[[ Information supplied, beginning ]]

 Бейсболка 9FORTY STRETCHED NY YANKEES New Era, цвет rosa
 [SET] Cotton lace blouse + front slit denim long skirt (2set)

[[ Information supplied, end ]]
[[ Information supplied, beginning ]]

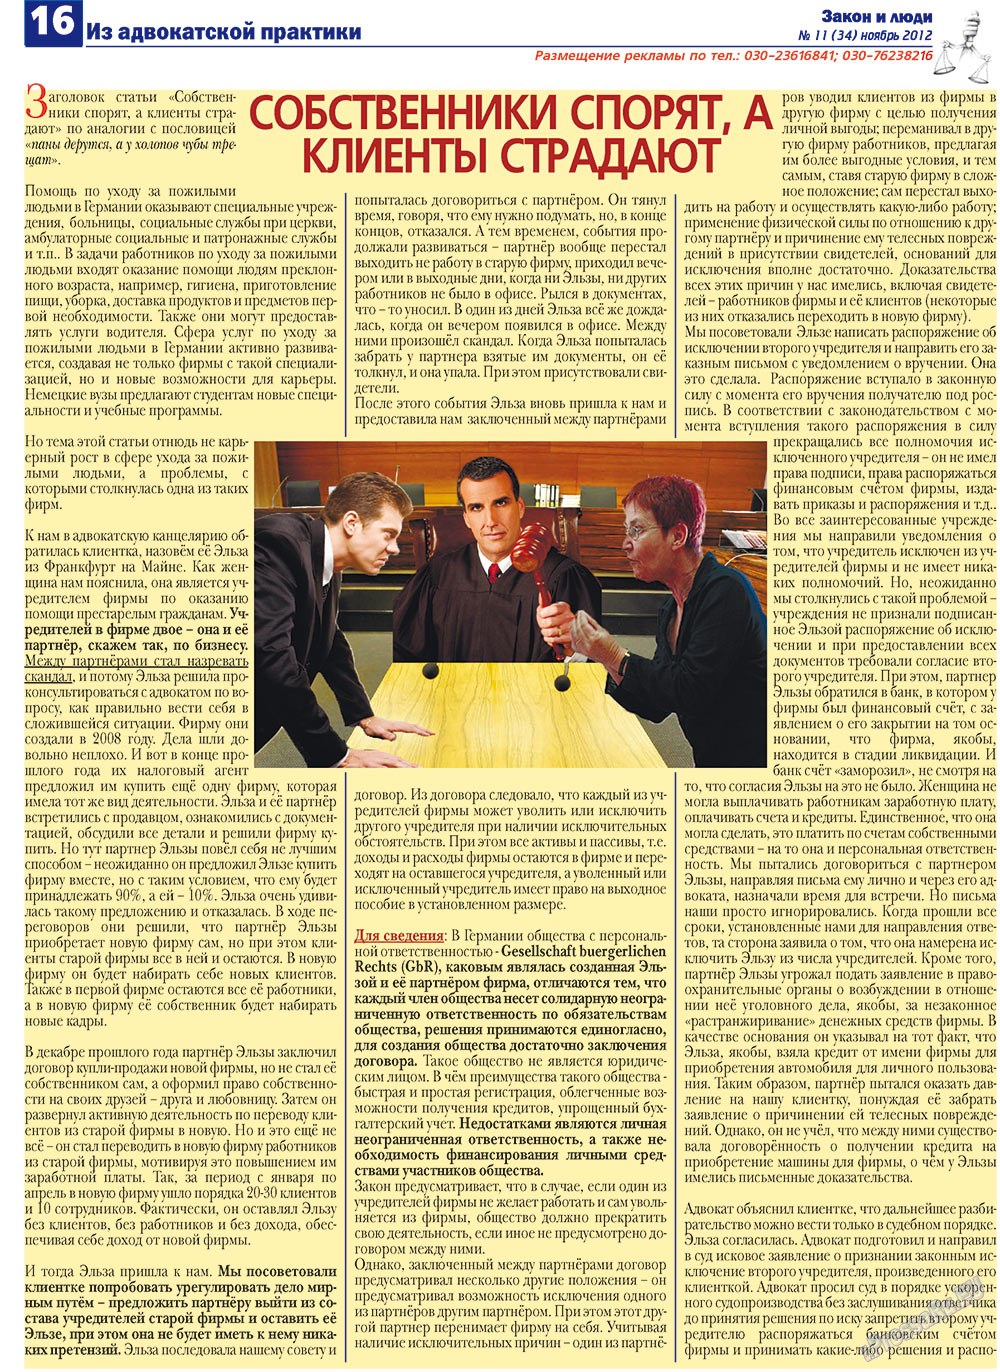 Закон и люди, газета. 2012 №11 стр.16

[[ Information supplied, end ]]
[[ Information supplied, beginning ]]

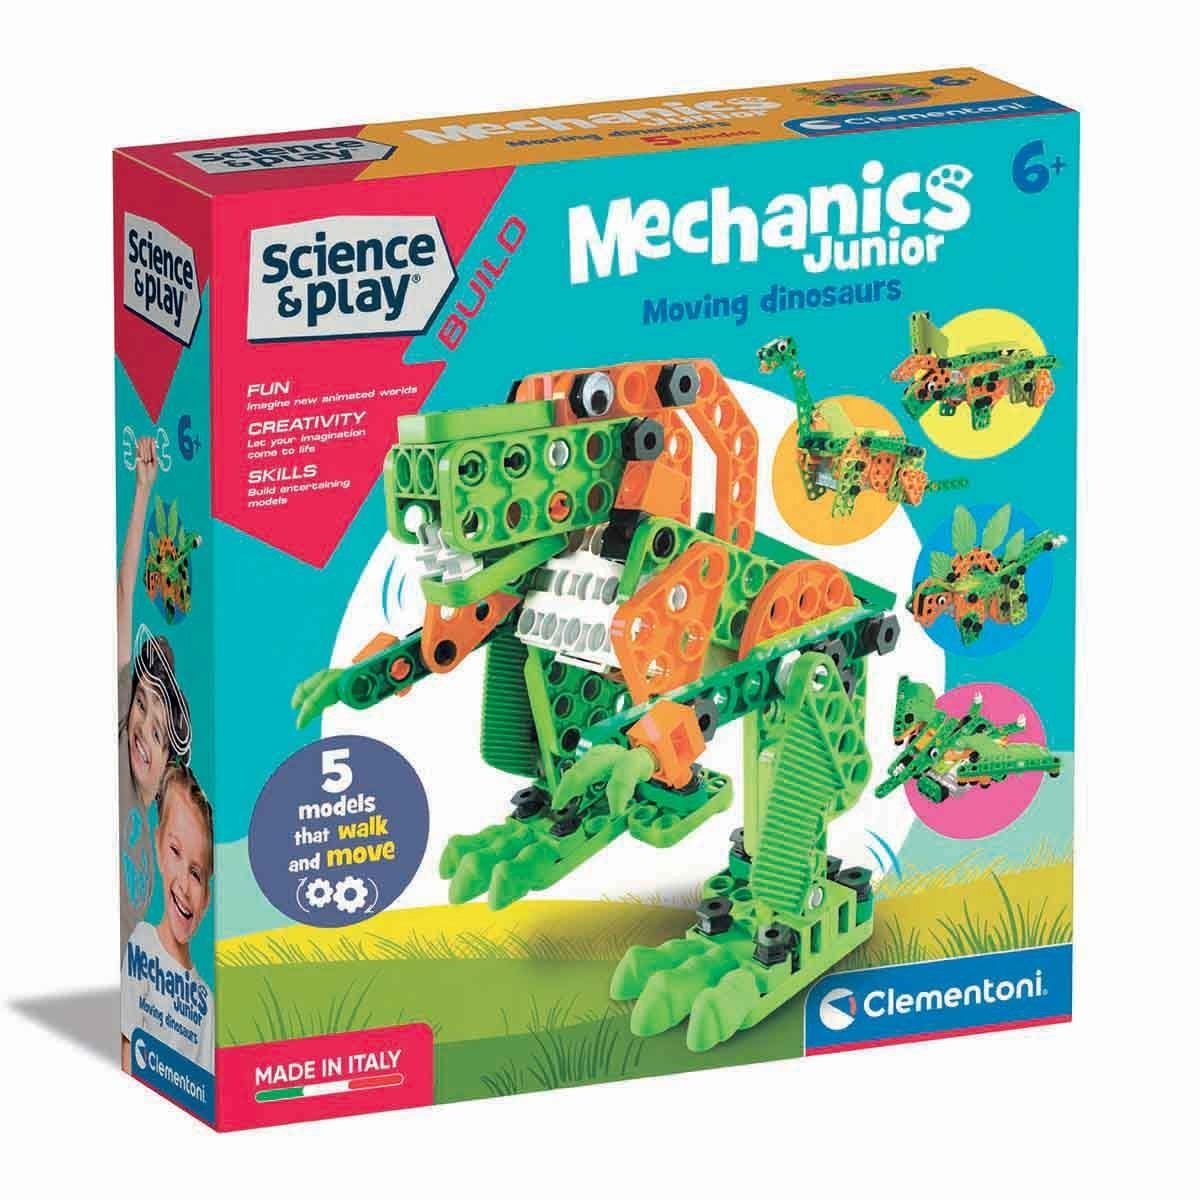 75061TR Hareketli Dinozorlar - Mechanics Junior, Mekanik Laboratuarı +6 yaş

[[ Information supplied, end ]]

> What to do
Take the stretch of lines above from the one containing "Бейсболка 9FORTY STRETCHED" through the one containing "[SET] Cotton lace" and repeat it exactly, adding no other line.

> Output
 Бейсболка 9FORTY STRETCHED NY YANKEES New Era, цвет rosa
 [SET] Cotton lace blouse + front slit denim long skirt (2set)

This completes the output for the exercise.